Look up your vehicle for torque settings but if you wish you can do hand tight lower down and tighten with breaker bar or jumping on tyre iron choice is yours.

Some vehicles may have specific points to lift on a role jack and then the axle stands may be able to hold under the supplied jacking wheel change points.

Do break the nuts grip before lifting a stated to save need to lower again especially if on supplied jack as trying to break the nuts grip while suspended off the ground your likely to over balance the flimsy jack and ensuing injury to you or vehicle or property damage etc.

Be safe.


----------



## digistats (Mar 28, 2015)

Jack on level ground handbrake on in gear/park and chock the wheel not being lifted.


----------



## Andy from Sandy (May 6, 2011)

For me the most important point is loosening the nuts before jacking the car and tightening the nuts when the car is off the jack.

Even though I use a trolley jack I still use stands. You just never know the seal may go and the car will drop.

I was advised years ago to use a torque wrench on the locking wheel nut as a minimum.


----------



## slim_boy_fat (Jun 23, 2006)

As all above, but check carefully when positioning the axle stand(s) that they're not going to crush a brake pipe when the weight is on them.


----------



## ShiningWit (Jun 23, 2014)

Good stuff.
Thanks all.

What is a role jack?


----------



## Harry_p (Mar 18, 2015)

Might might be a bit controversial, but for just taking a wheel off to clean it elsewhere I would lift with a trolley jack and not bother with stands.

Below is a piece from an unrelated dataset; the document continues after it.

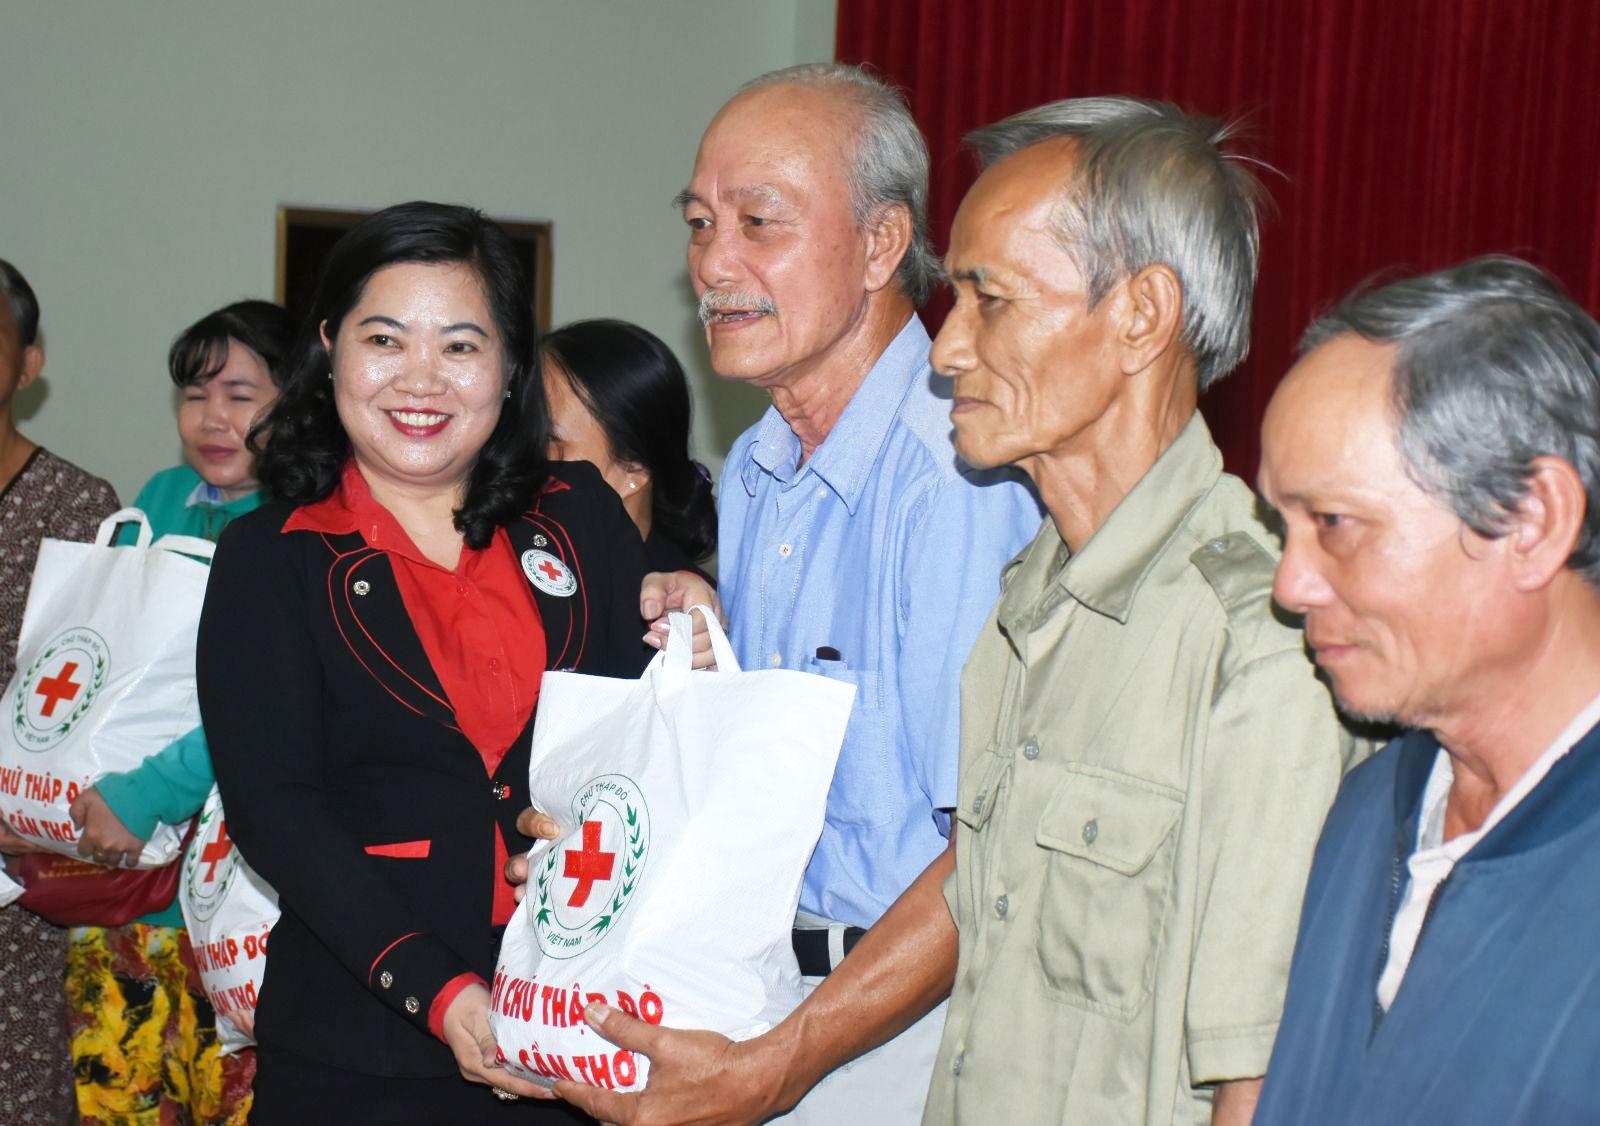 Bà Huỳnh Thanh Thảo, Chủ tịch Hội CTĐ TP Cần Thơ tặng quà Tết cho hộ nghèo, gia đình chính sách trên địa bàn thành phố. Ảnh: XUÂN ĐÀO
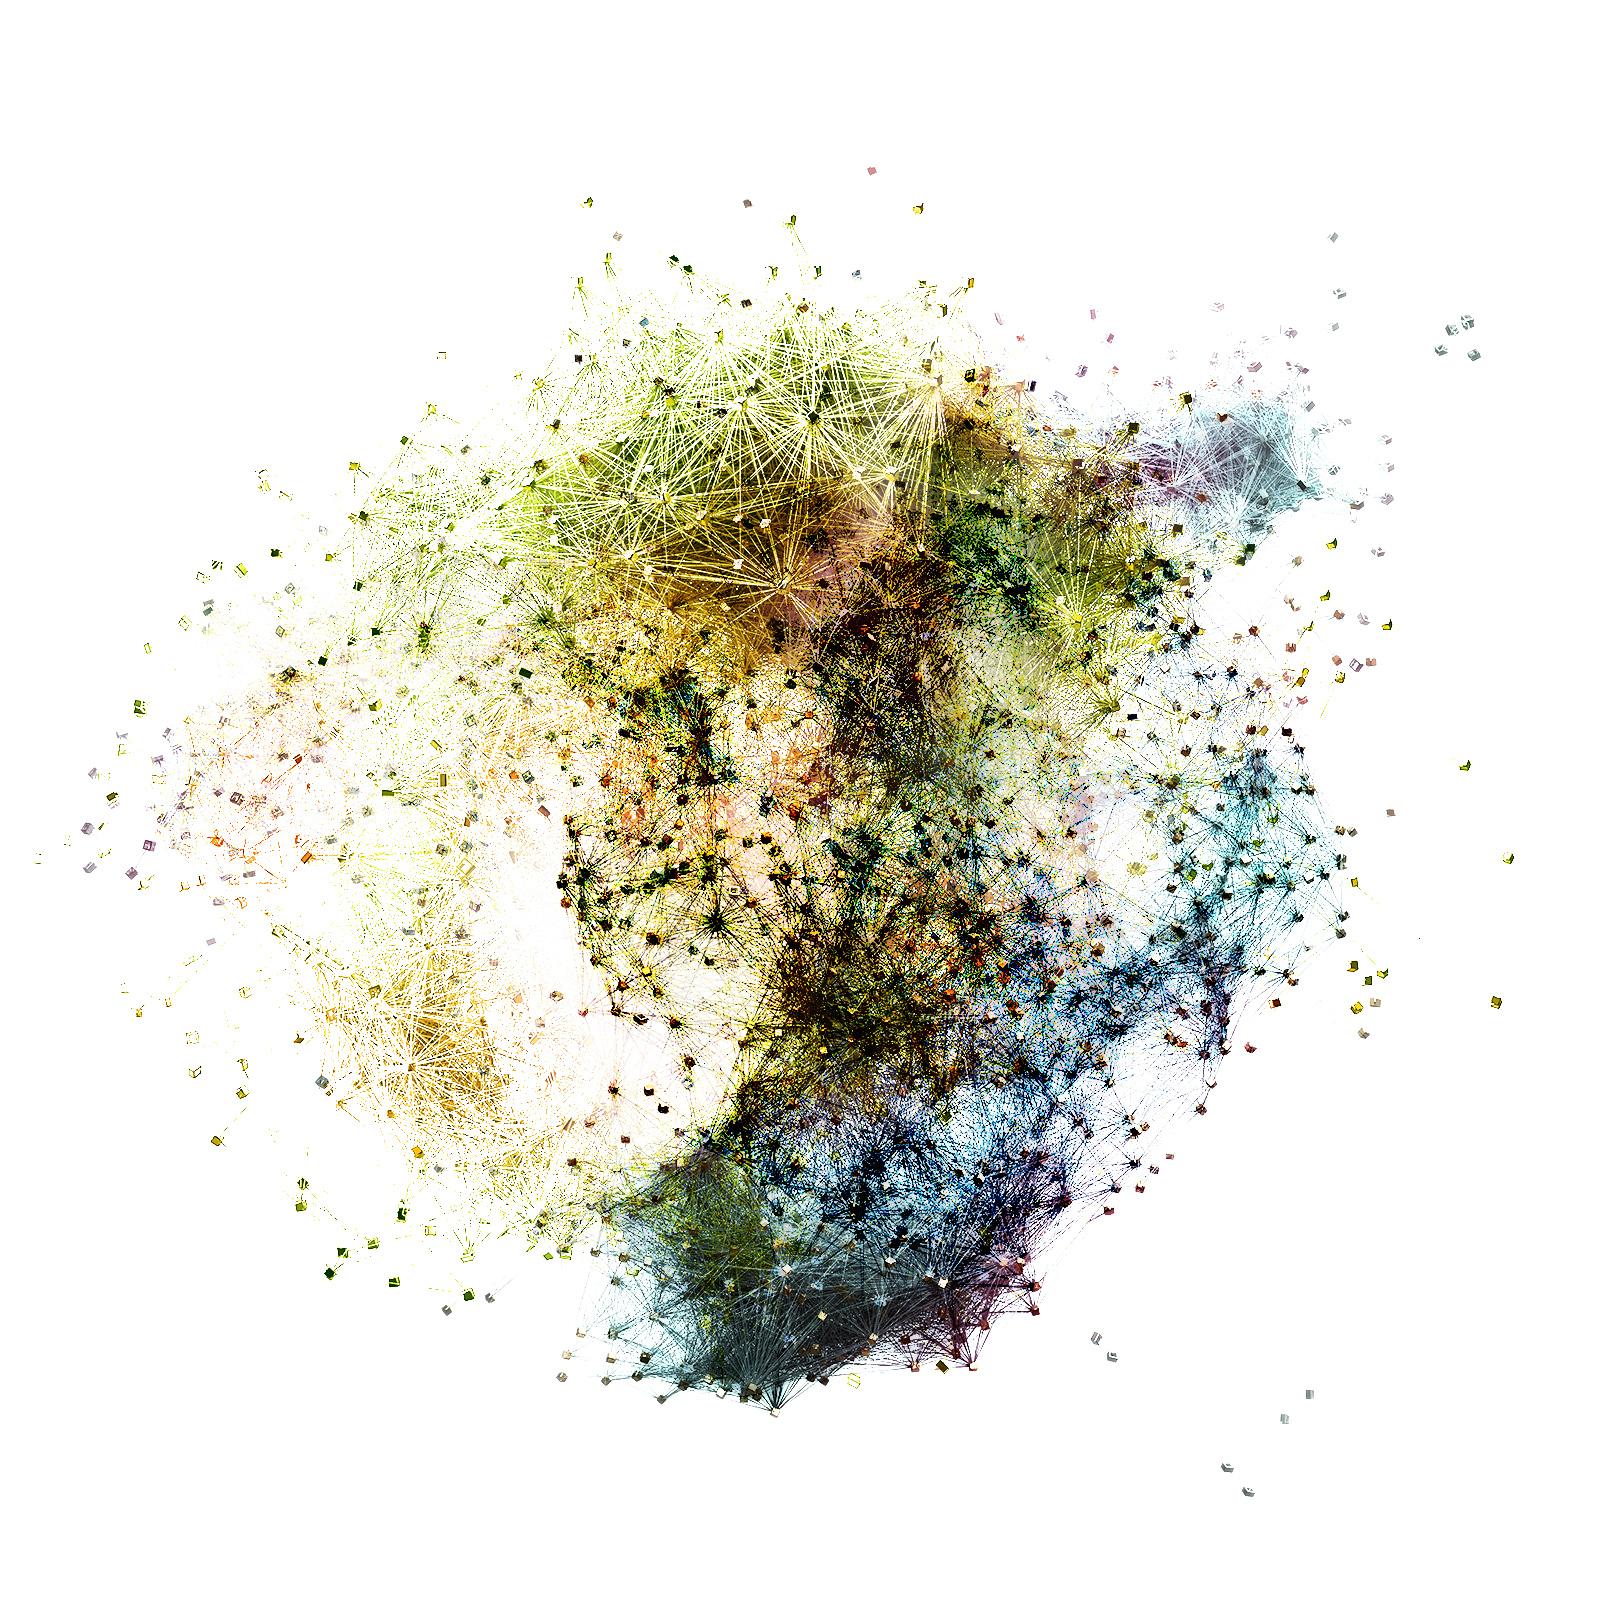 overlap-09-cluster-000.jpg

Stands often need the car lifting pretty high, which has dangers ascociated with it.

Obviously I'd never work under a car not properly supported, but imho lifting properly with a decent jack for short periods of time is safer than multiple uses of a cheap, infrequent 'emergency use' factory jack.

I have never had a seal fail, and even if it did the chances of a sudden failure are slim, it would most likely slowly drop.

If you're not intending on working under the car I'd personally spend money on a reasonable jack instead of a set of stands.

However, you can buy jack and stand sets for sensible money which would give many years of decent diy use and make the whole process far easier and safer.


----------



## leehob (Jul 9, 2014)

I did all mine with just a trolley jack, just stacked up some wooden batons to just under the disc whilst wheel was off :thumb:


----------



## camerashy (Feb 9, 2014)

Got my trolley jack and axle stands from sgs engineering
http://www.sgs-engineering.com


----------



## James_R (Jun 28, 2007)

If just doing one wheel at a time, use the scissor jack and put blocks of wood under the sill or chassis rails if you haven't got axle stands.

Leave jack in place til wheel back on.

Thats what i did.

Oh and i put an old spare tyre under the car too, just in case.

Torque wheels up to manufacturers spec. 
They vary greatly.

Renault 105Nm
Honda 110Nm
MINI 140Nm

You would be surprised how easy 105Nm is to achieve, when you've tightened them up you can release them by a firm hand with the wheel brace supplied no problem.


----------



## Paul.D (Jun 26, 2013)

I always tighten my wheel nuts with the wheel wrench in the boot then if I get a puncture I know I can get the wheel nuts off roadside and not have to wait 3 hours for the RAC to come out with a breaker bar.


----------



## Harry_p (Mar 18, 2015)

I've always kept an extending wheel brace in the boot, can be had for only a few quid. Use it closed to tighten the bolts with a firm press, use it extended to get them off easily.

I take wheels on and off a lot and have never stripped a thread, broken a bolt or had any come loose.


----------



## Pinky (Feb 15, 2008)

I have just cleaned all my car wheels this week .I used trolley jack and put space saver wheel back on so I could use the car if I had to . 
Easiest way if doing one wheel at a time .


----------